• [ABOUT THIS TASK]: Starting at the line below with "Assorted household and" and stopping at the line with "Stamps - Neufs", please print each line exactly, those two included, and skip every picture.

• [PROVIDED MATERIAL]:
§

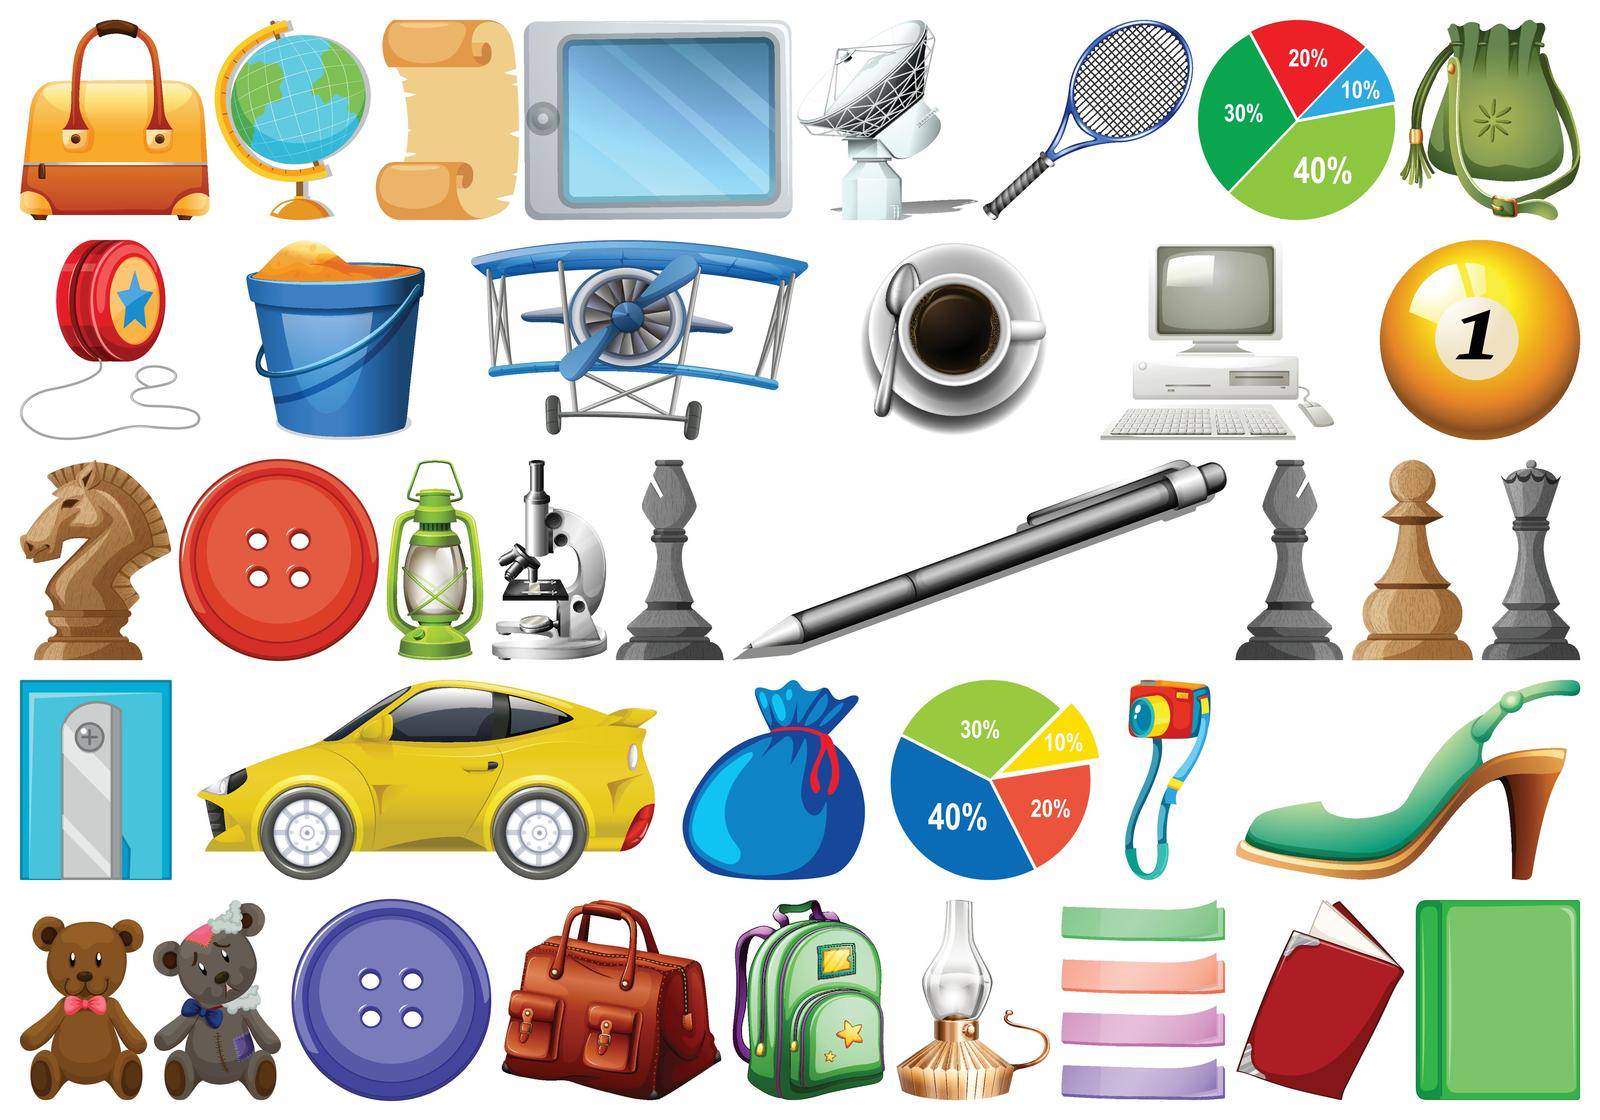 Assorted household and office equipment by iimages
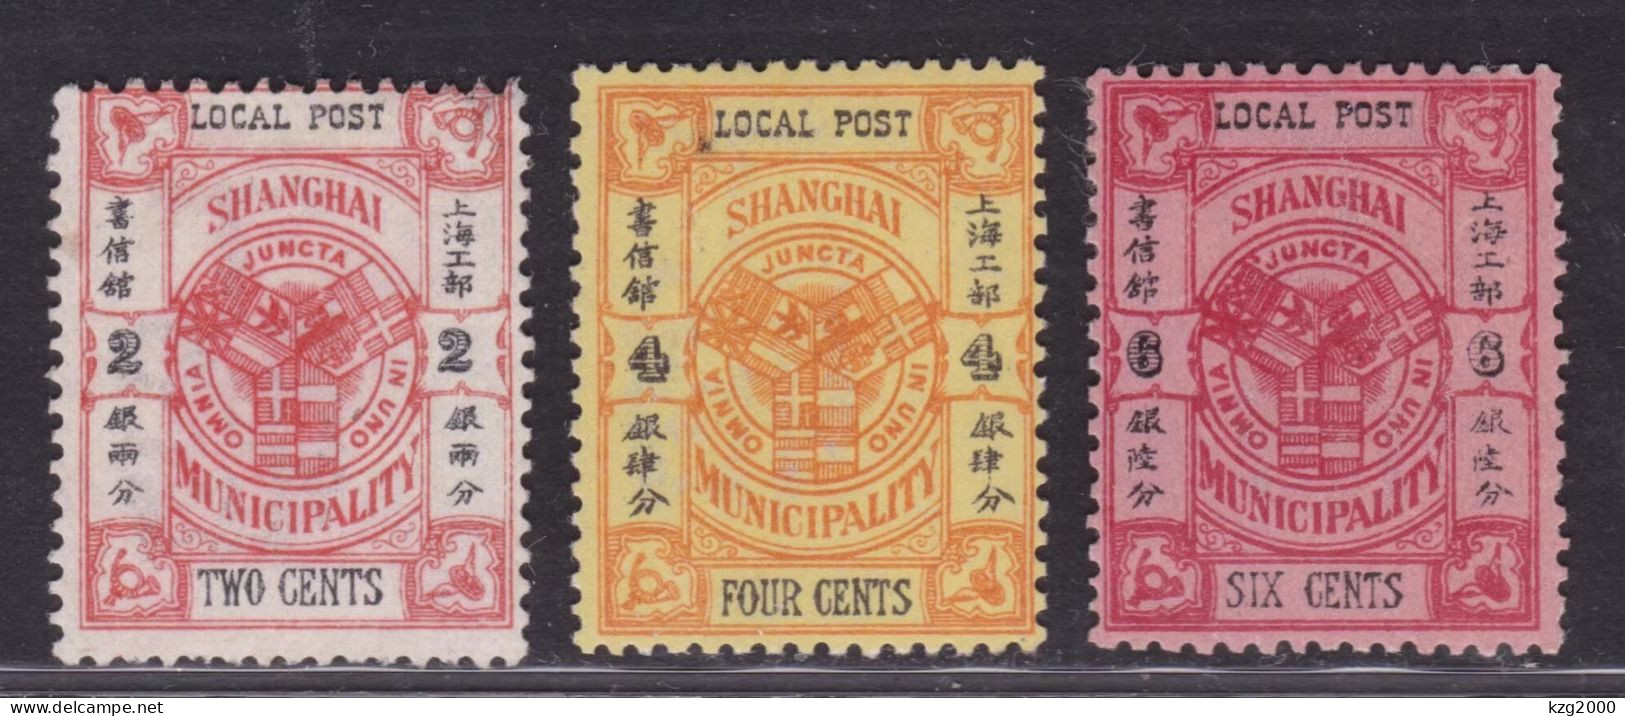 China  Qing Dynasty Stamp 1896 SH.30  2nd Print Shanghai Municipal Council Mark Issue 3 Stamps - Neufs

§

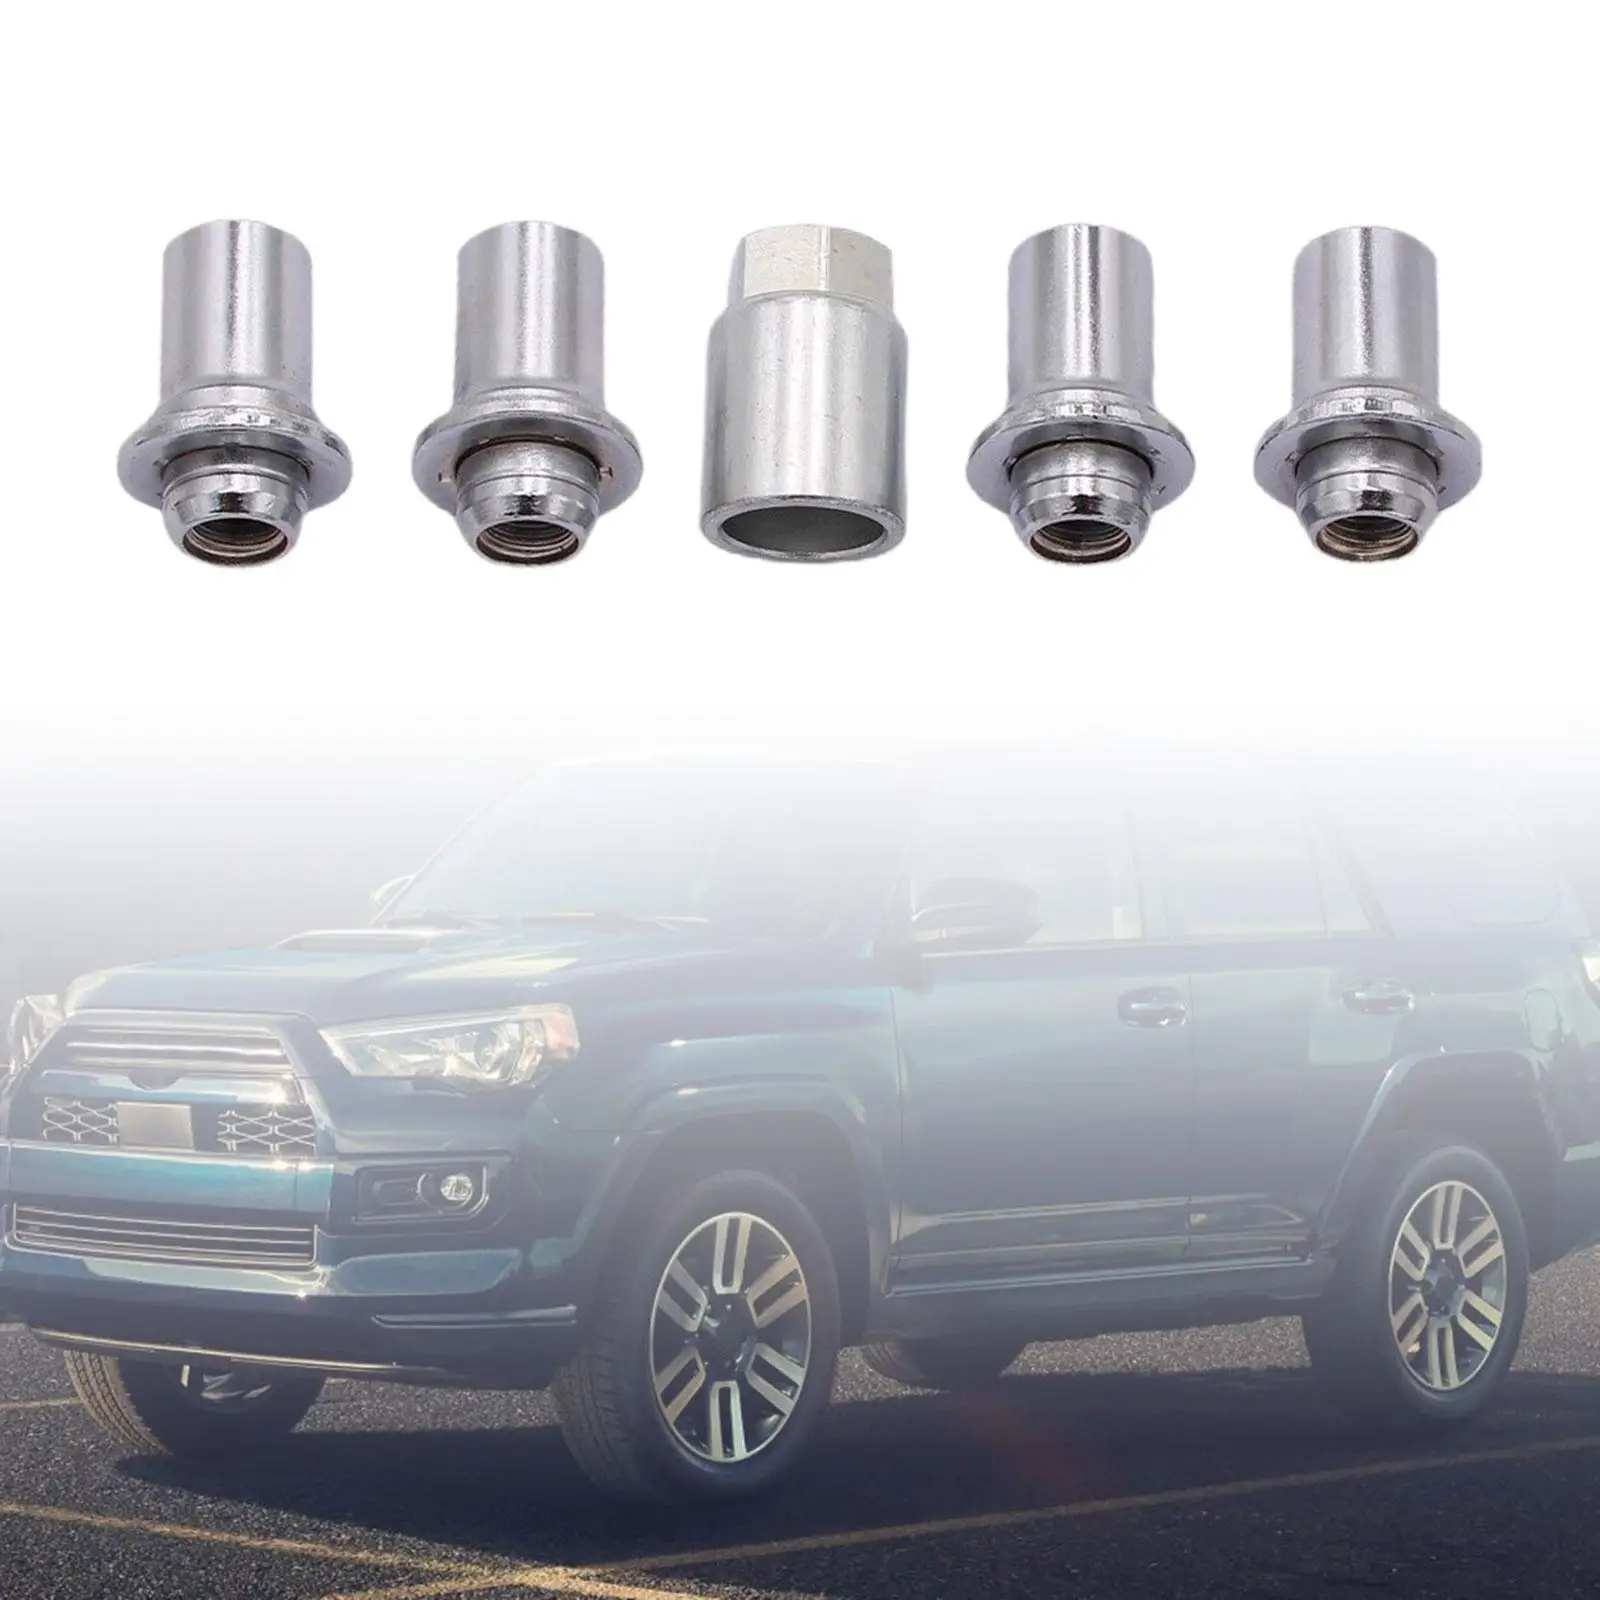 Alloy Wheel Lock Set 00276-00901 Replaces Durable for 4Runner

§

• [SOLUTION TO THIS TASK]:
 Assorted household and office equipment by iimages
 China  Qing Dynasty Stamp 1896 SH.30  2nd Print Shanghai Municipal Council Mark Issue 3 Stamps - Neufs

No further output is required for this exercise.